RECORDS Block Start
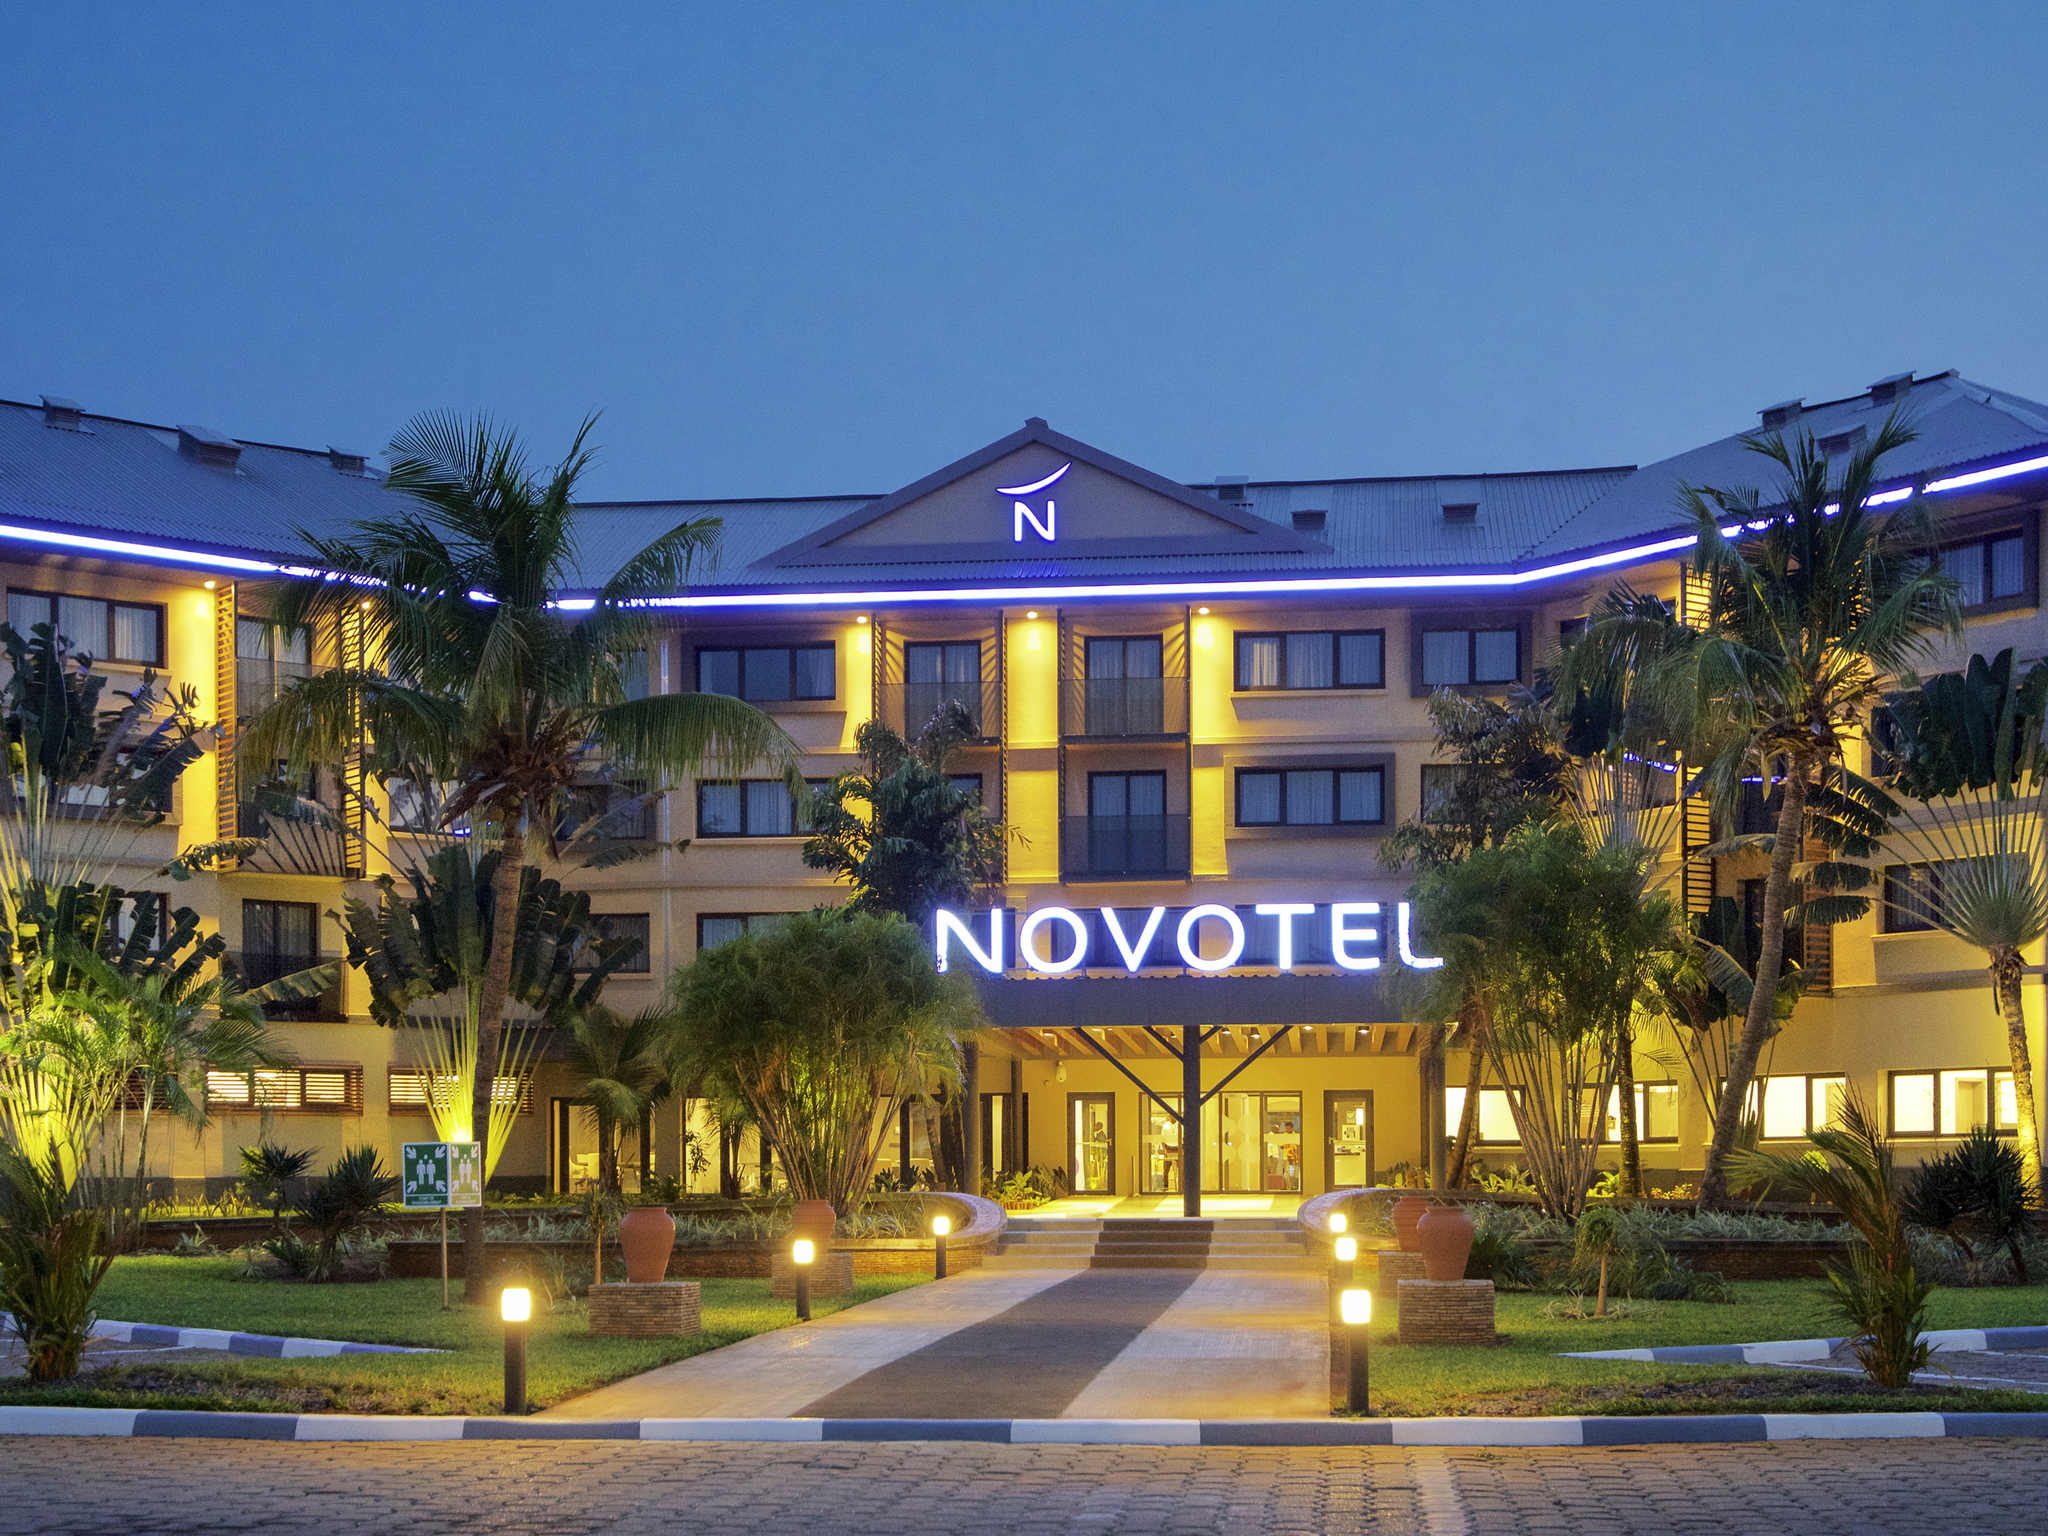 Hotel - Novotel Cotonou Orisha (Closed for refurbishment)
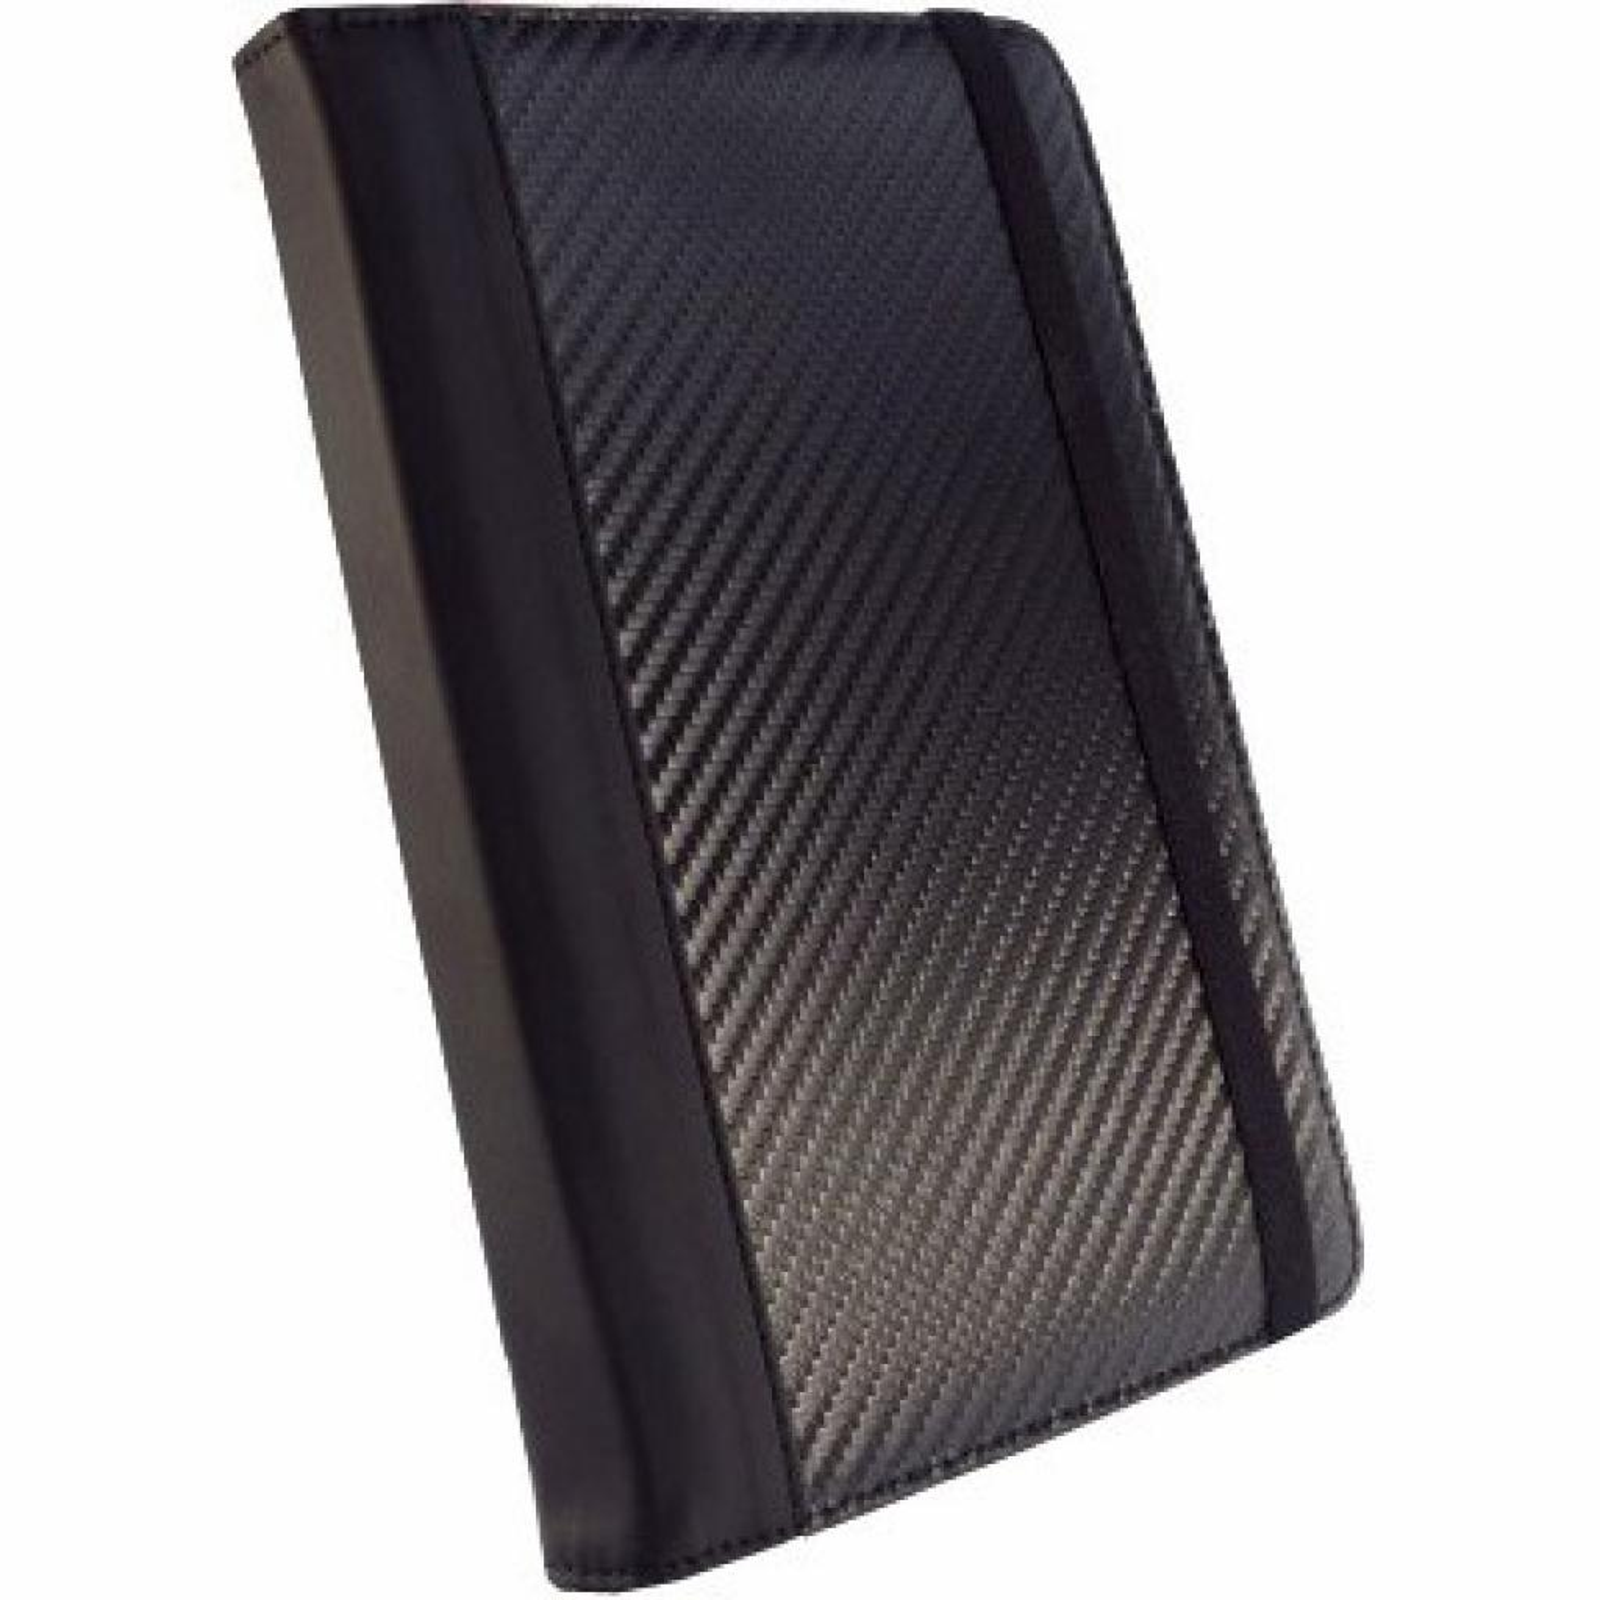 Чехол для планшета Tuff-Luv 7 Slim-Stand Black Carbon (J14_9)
RECORDS Block End
RECORDS Block Start
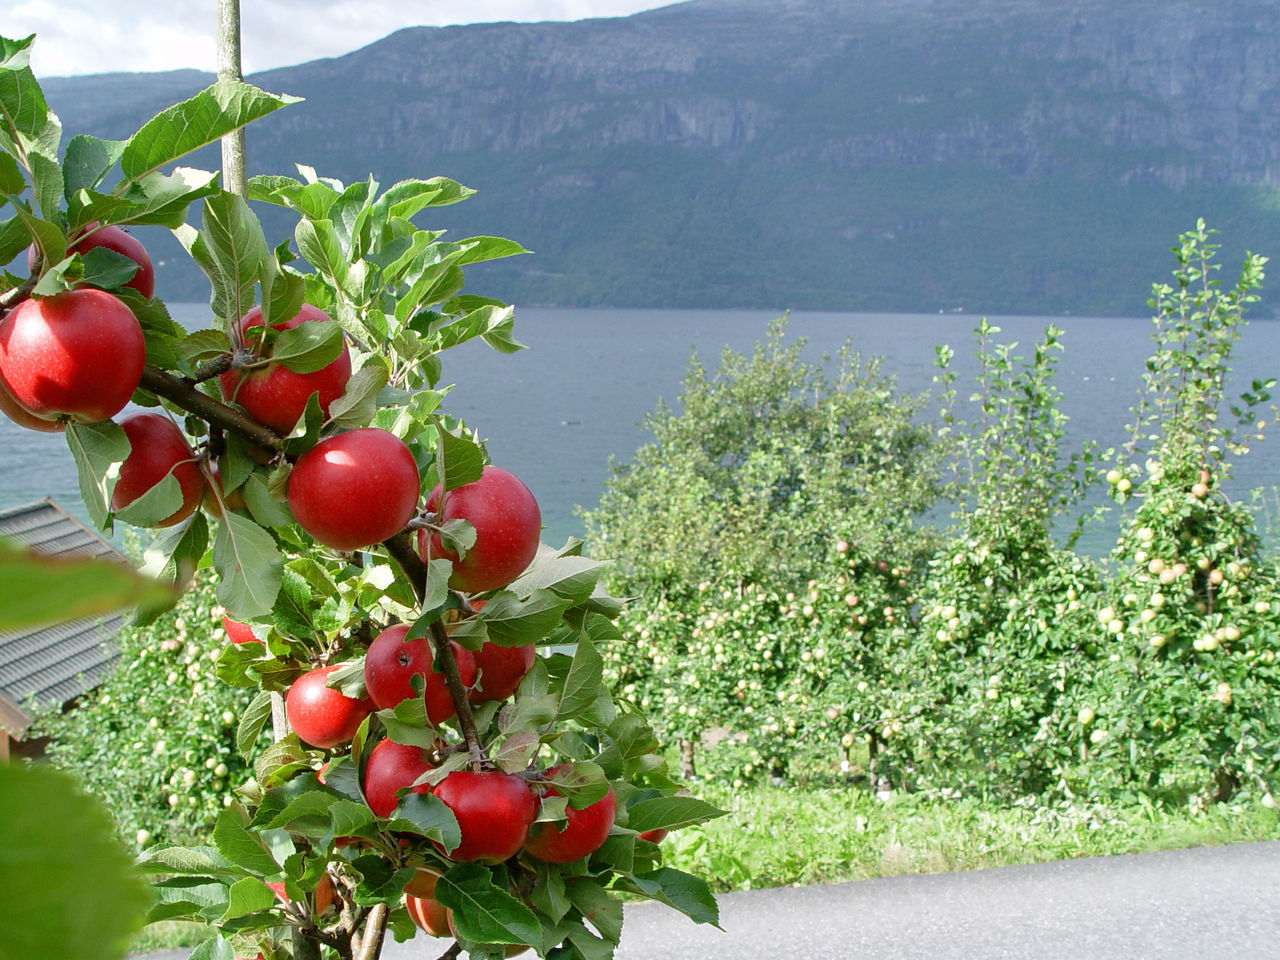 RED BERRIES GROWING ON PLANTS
RECORDS Block End
RECORDS Block Start
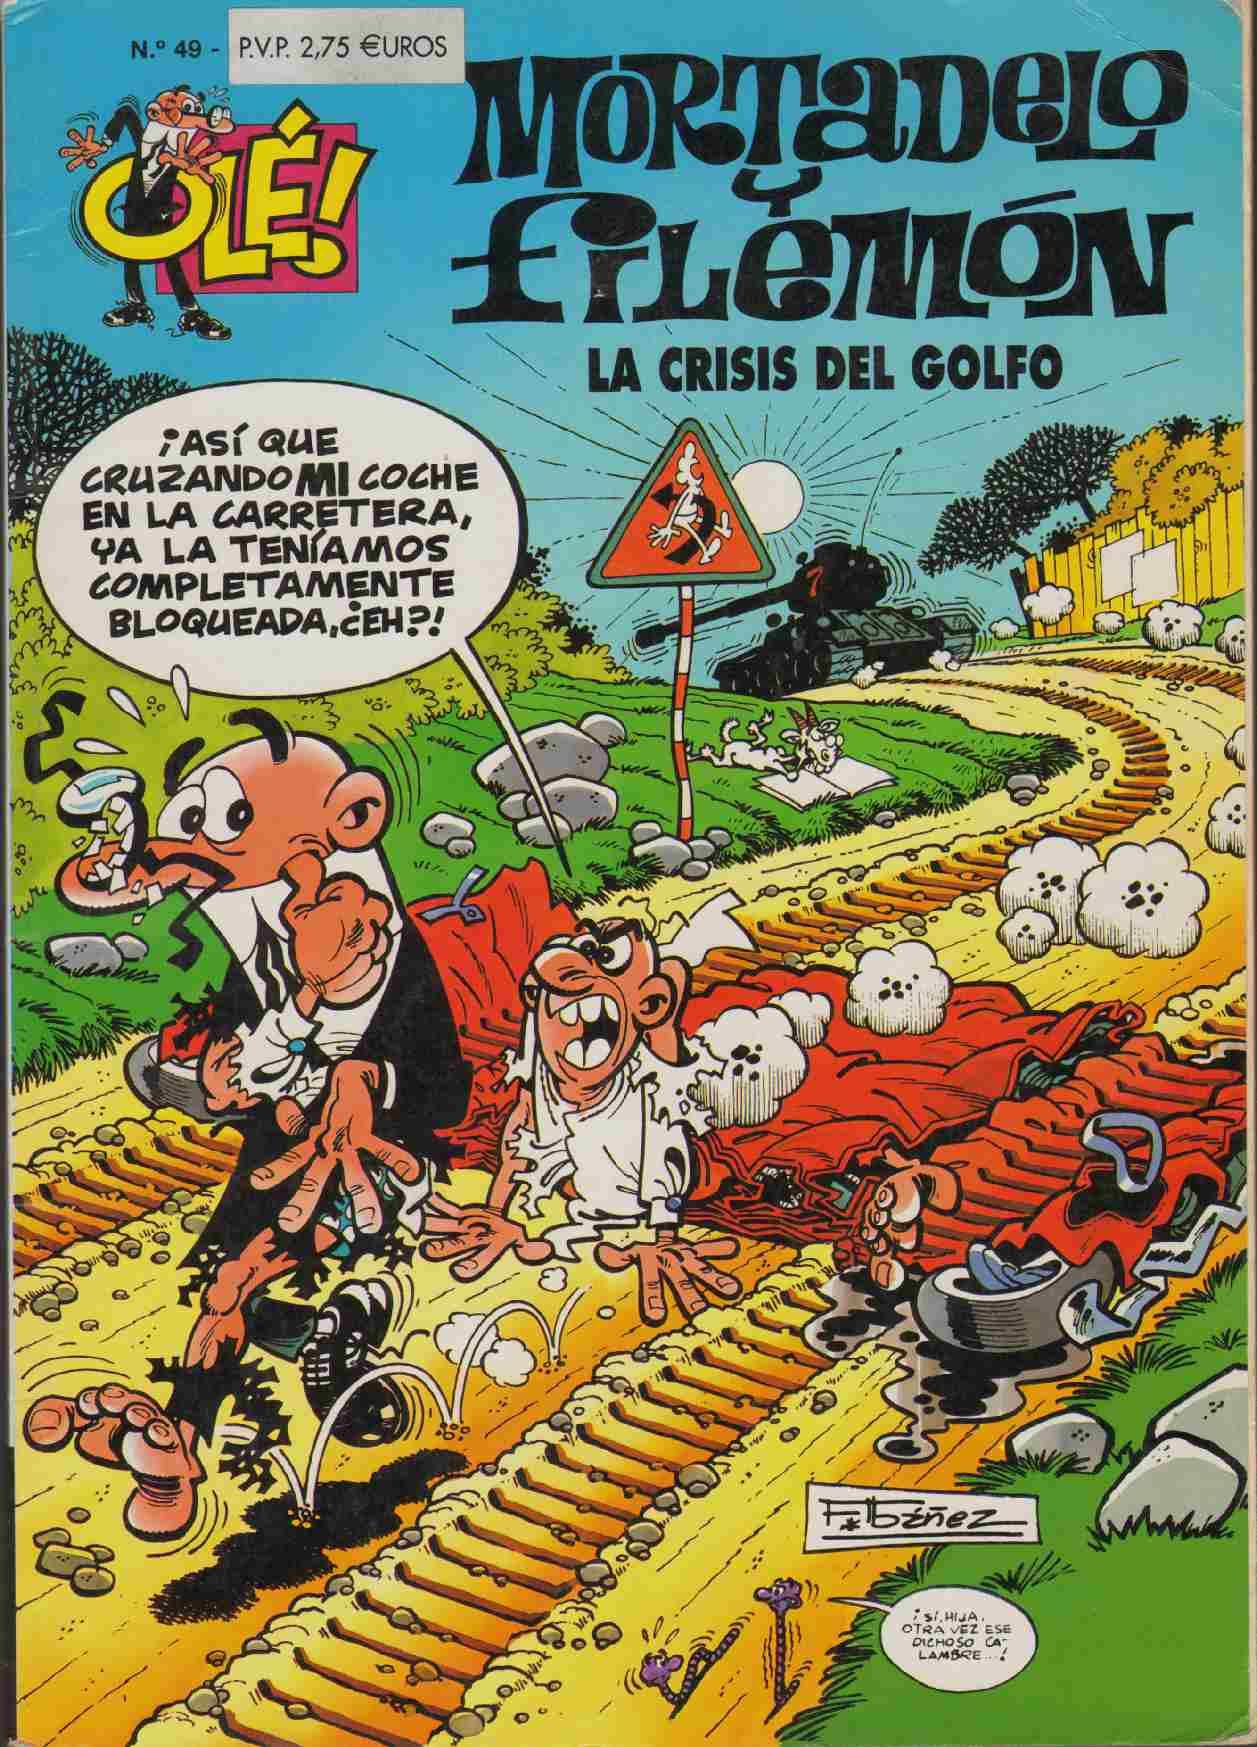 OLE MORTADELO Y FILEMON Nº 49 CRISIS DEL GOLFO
RECORDS Block End
- _ACTIVITY_
From the listing above, please give again the lines that begin with the line holding "Hotel - Novotel" and go on through the line holding "Чехол для планшета", exactly, both ends included, minus any picture.

- _RESPONSE AREA_
 Hotel - Novotel Cotonou Orisha (Closed for refurbishment)
 Чехол для планшета Tuff-Luv 7 Slim-Stand Black Carbon (J14_9)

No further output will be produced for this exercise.